Citations for Reading Analysis

  • We use IEEE.
  • For citations with missing information, write a note about that.
  • Evidence can be description, paraphrasing etc.
  • Evidence should be cited.
  • We are not to review the work’s quality.
  • We are to focus on the content and form.

Example:

  • Recipe’s form is the bullet points and short concise instructions.
  • Content is the actual instructions themselves.

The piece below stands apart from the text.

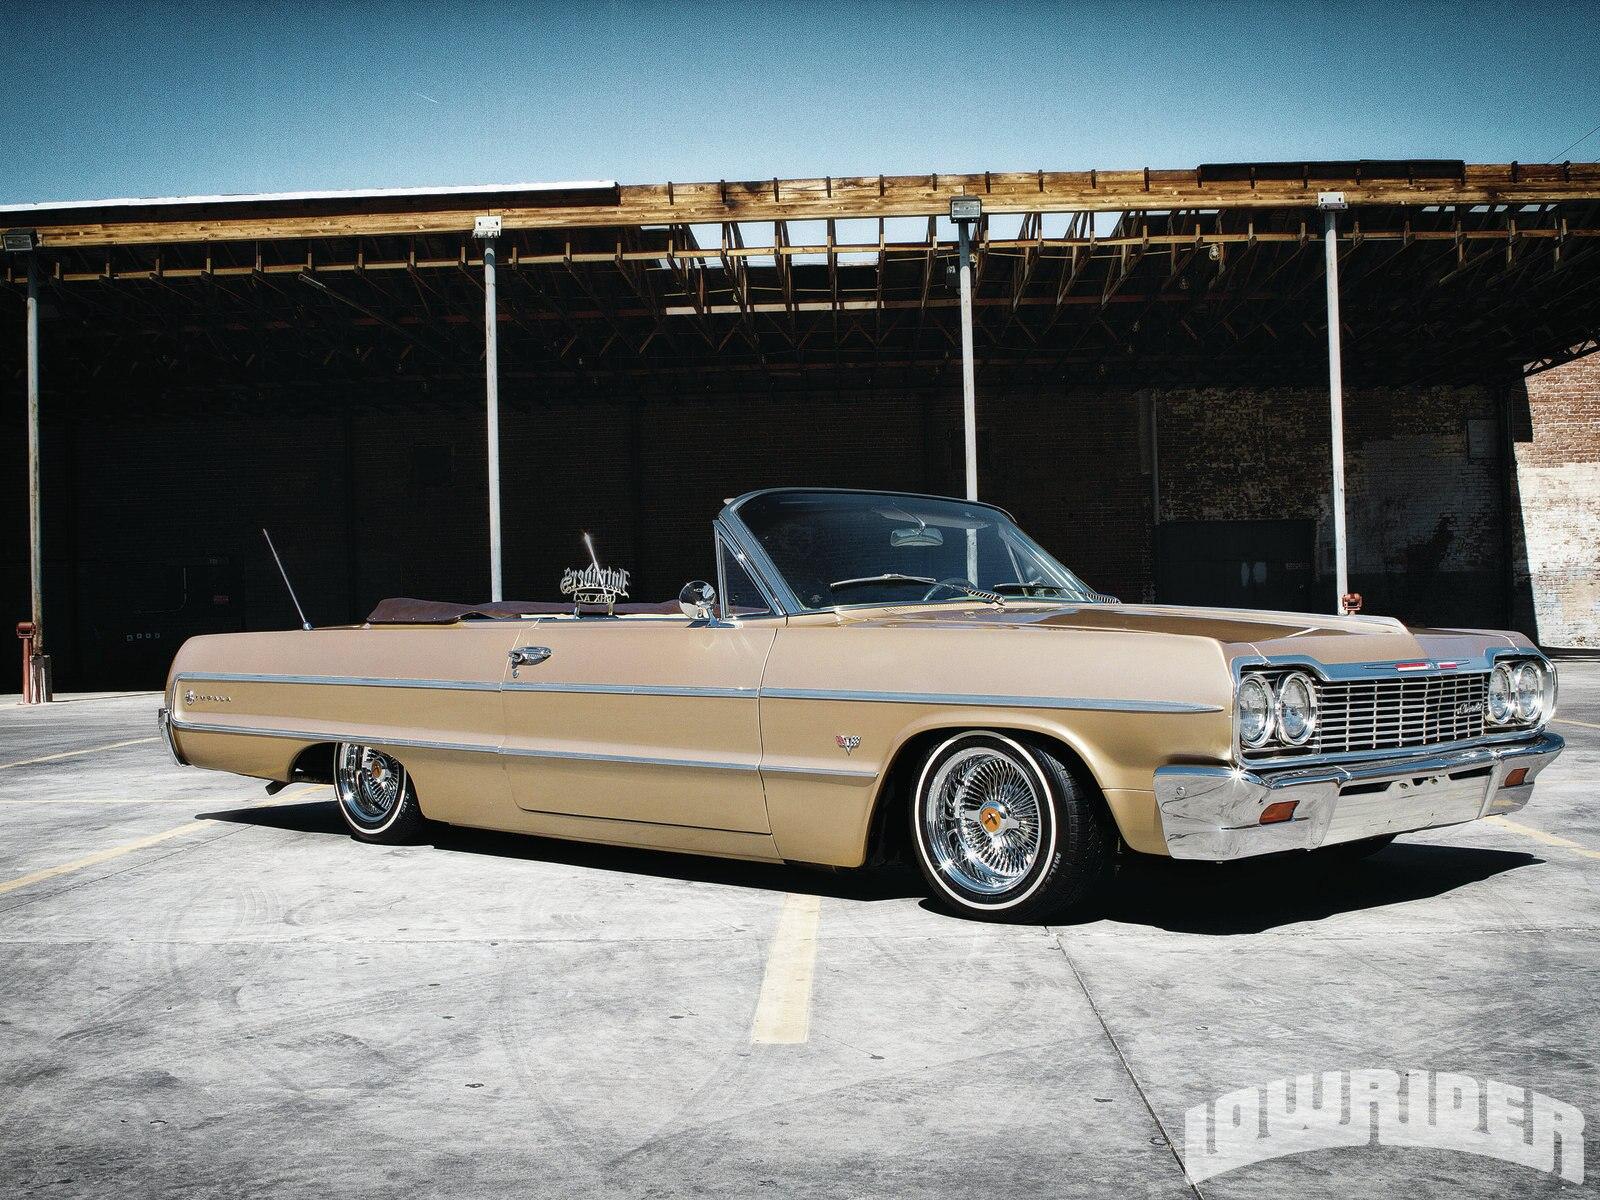 hight resolution of 1201 lrmp 01 o 1964 chevrolet impala lowrider

Genre Sets: Analyzing New Genres

  • Genres have certain structural and rhetorical conventions.
  • Genre conveys the presentation, goal and functions of text.
  • Genres like fiction, non-fic are too broad to convey meaningful information.

Analyzing Guide:

  • Focus on style.

    • sentence length, complexity, word choice, paragraph length.
    • sentence type: declarative, imperative, interrogative.
  • Focus on structure.

    • content organization, divs of sections, content in each section.
    • org patterns: chronological, reverse chrono, general info to specific info, specific to general, hourglass (general to specific to general).
    • organizational markers:
    • Topic sentences; their explicitness, location;
      • transitional elements (signposting). How are they transitioning? Using “furthermore, thus, hence”, or using headings.
      • Introductory elements (abstract, summary, intro).
      • Summary elements (conclusion, list of key points, summary).
  • Focus on register (diction, tone, voice).

    • formality of language, use of contractions like “isn’t” and the use of “I”.
    • Calculate percentage of contractions vs total words.
    • Level of language (count the technical jargon, normal words, academic words and calculate percentages).
    • When is jargon used.
    • Register tells us the target audience
  • For technical writing, “user” is a more accurate term rather than audience.

  • Types of users and what kind of information does each user type need.

    • basic, novice, experienced, advanced, expert.

How to know your primary user group:

  • Inventory of your user group.
  • Create a profile of characteristics.
  • Interview people
  • Observe people.
  • Analyze earlier versions.

Info about user group:

  • Level of exp.
  • Edu background.
  • Experience, attitude towards learning new things.